Sent In The Scattering
Today's Readings:
[ Acts 8:1b-8; Ps 66:1-6; Jn 6:35-40 ]
Persecution scatters. That is how today’s reading from Acts begins... “that day a severe persecution began against the church in Jerusalem, and all except the apostles were scattered”. By every worldly measure, this looks like loss: broken community, fear, displacement. Yet the very next lines reveal a quiet, surprising truth—those who were scattered “went from place to place, proclaiming the word”. What seemed like an ending becomes a beginning.
In similar fashion, St. Francis embraced a life without clinging, a willingness to be “sent,” even when the sending came through hardship rather than choice. The Gospel does not depend on stability or comfort; it travels lightly, carried in the hearts of those who trust.

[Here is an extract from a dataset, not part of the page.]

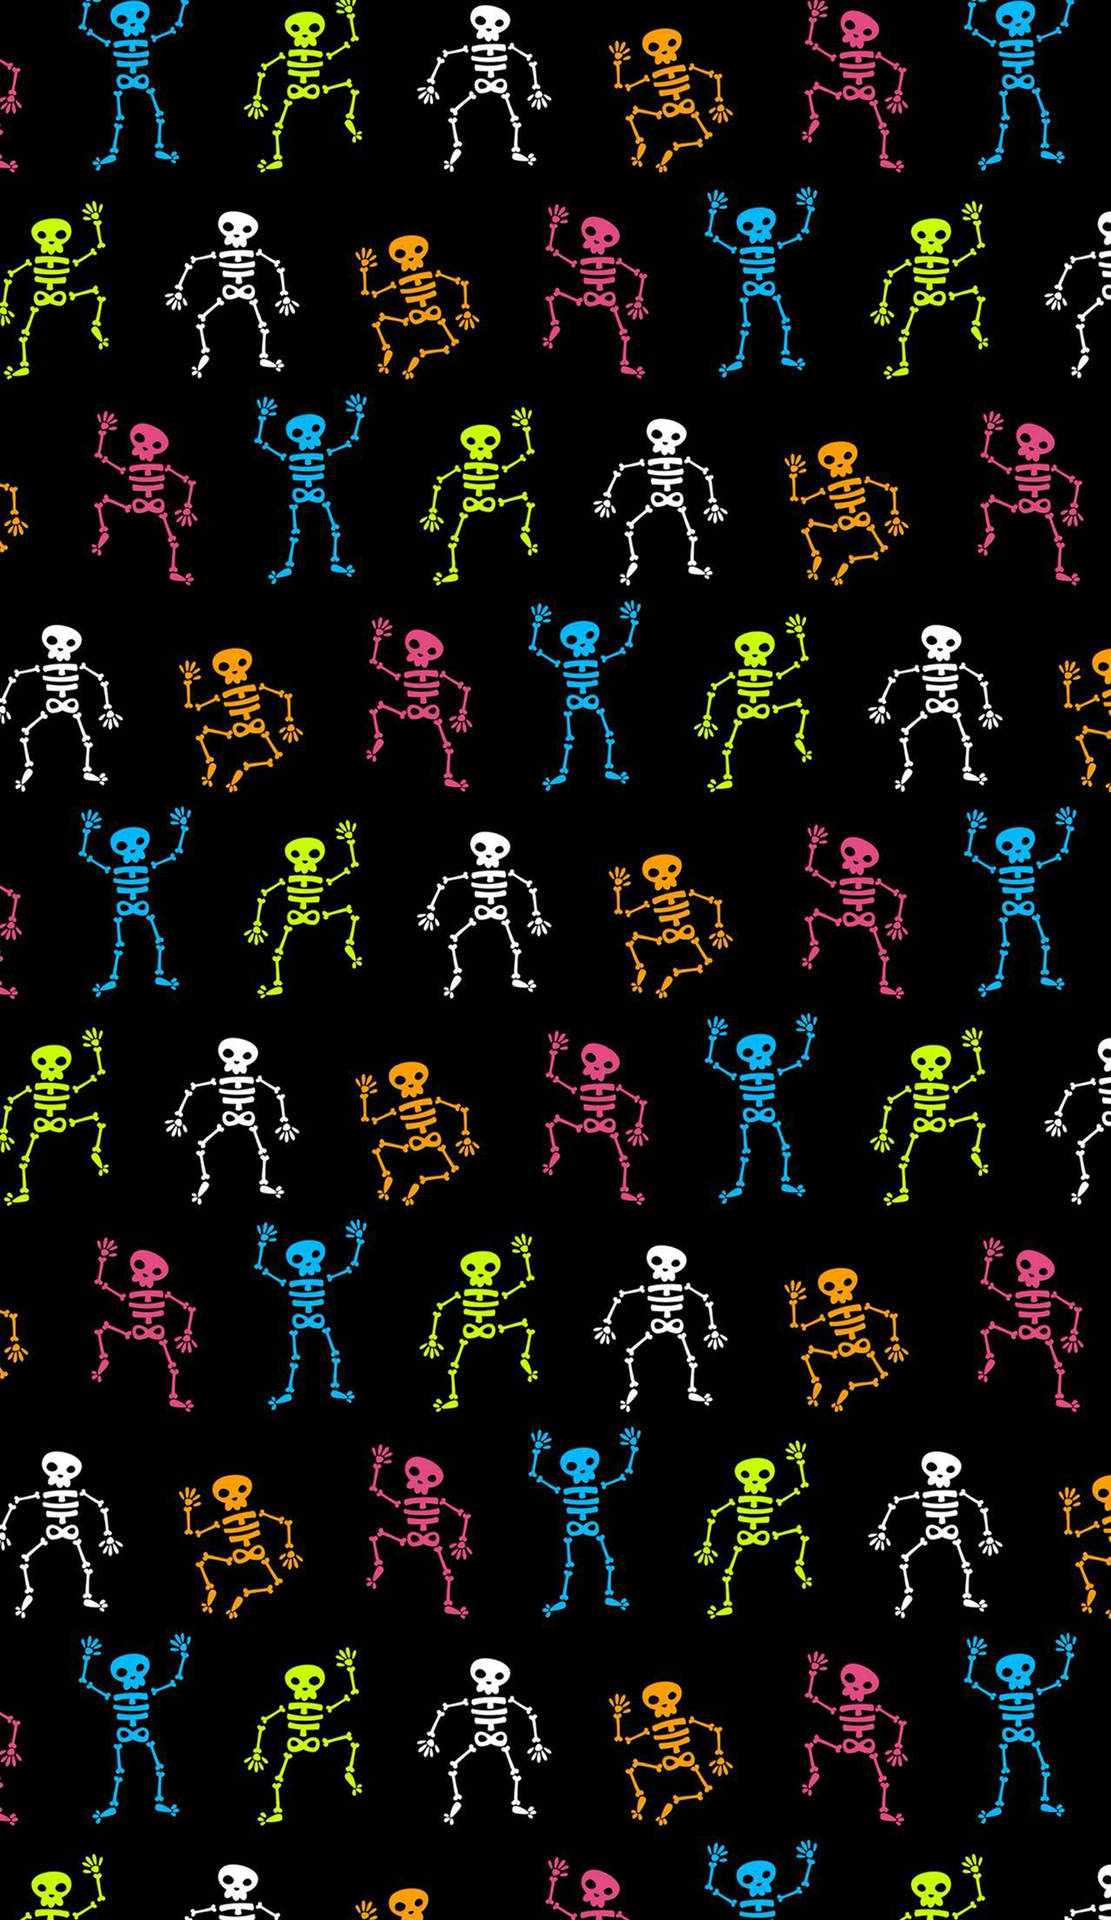 Skeleton Wallpaper & Background For FREE

Like Philip in Samaria, the scattered become sowers, and “there was great joy in that city”. Joy, not despite suffering, but somehow through it.
Psalm 66 echoes this paradox: “Make a joyful noise to God, all the earth… Come and see what God has done”. The psalmist invites us to look again, to see that God’s works often unfold in ways we would not design. The sea becomes dry land; the place of fear becomes a path forward. The Franciscan heart learns to praise not only in clarity, but in confusion, trusting that God is at work even when we are being led somewhere unexpected.

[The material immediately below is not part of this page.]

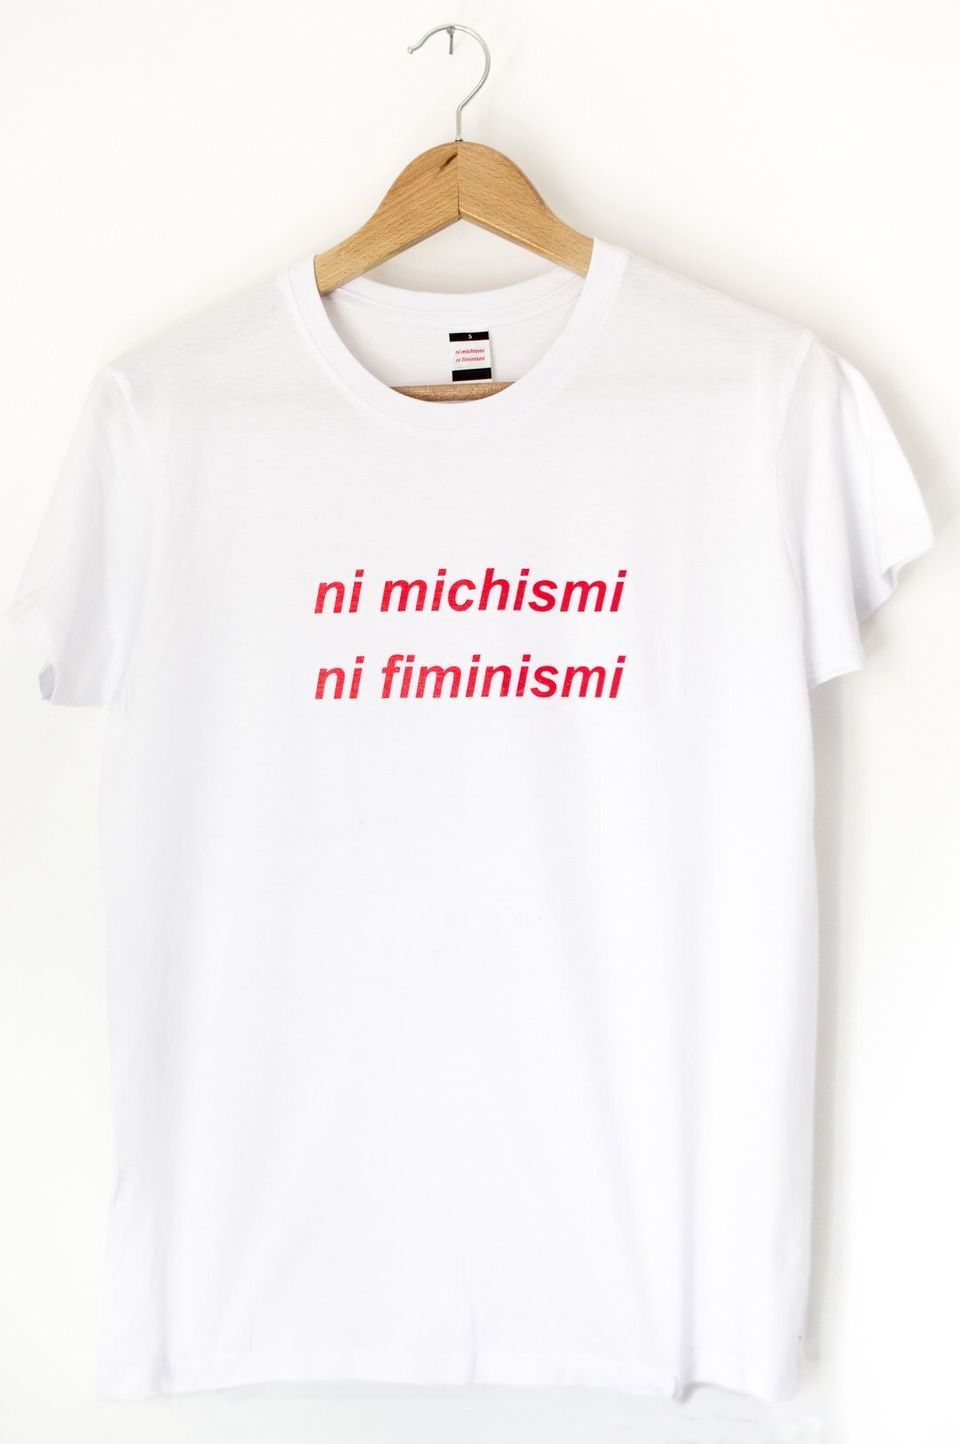 Doce camisetas feministas que querrás tener en tu | El HuffPost Life

In the Gospel, Jesus anchors this trust: “I am the bread of life. Whoever comes to me will never be hungry, and whoever believes in me will never be thirsty”. When everything else is taken or shaken, Christ remains. He is not merely provision; He is presence. And His promise is steady: “I should lose nothing of all that he has given me”.
To follow Christ, then, is not to avoid scattering, but to carry Him into it. Wherever we are sent—willingly or unwillingly—there is the possibility of proclamation, of quiet witness, of joy taking root. Like Francis, we are invited to hold lightly to place and tightly to Christ, trusting that nothing given to Him is ever truly lost.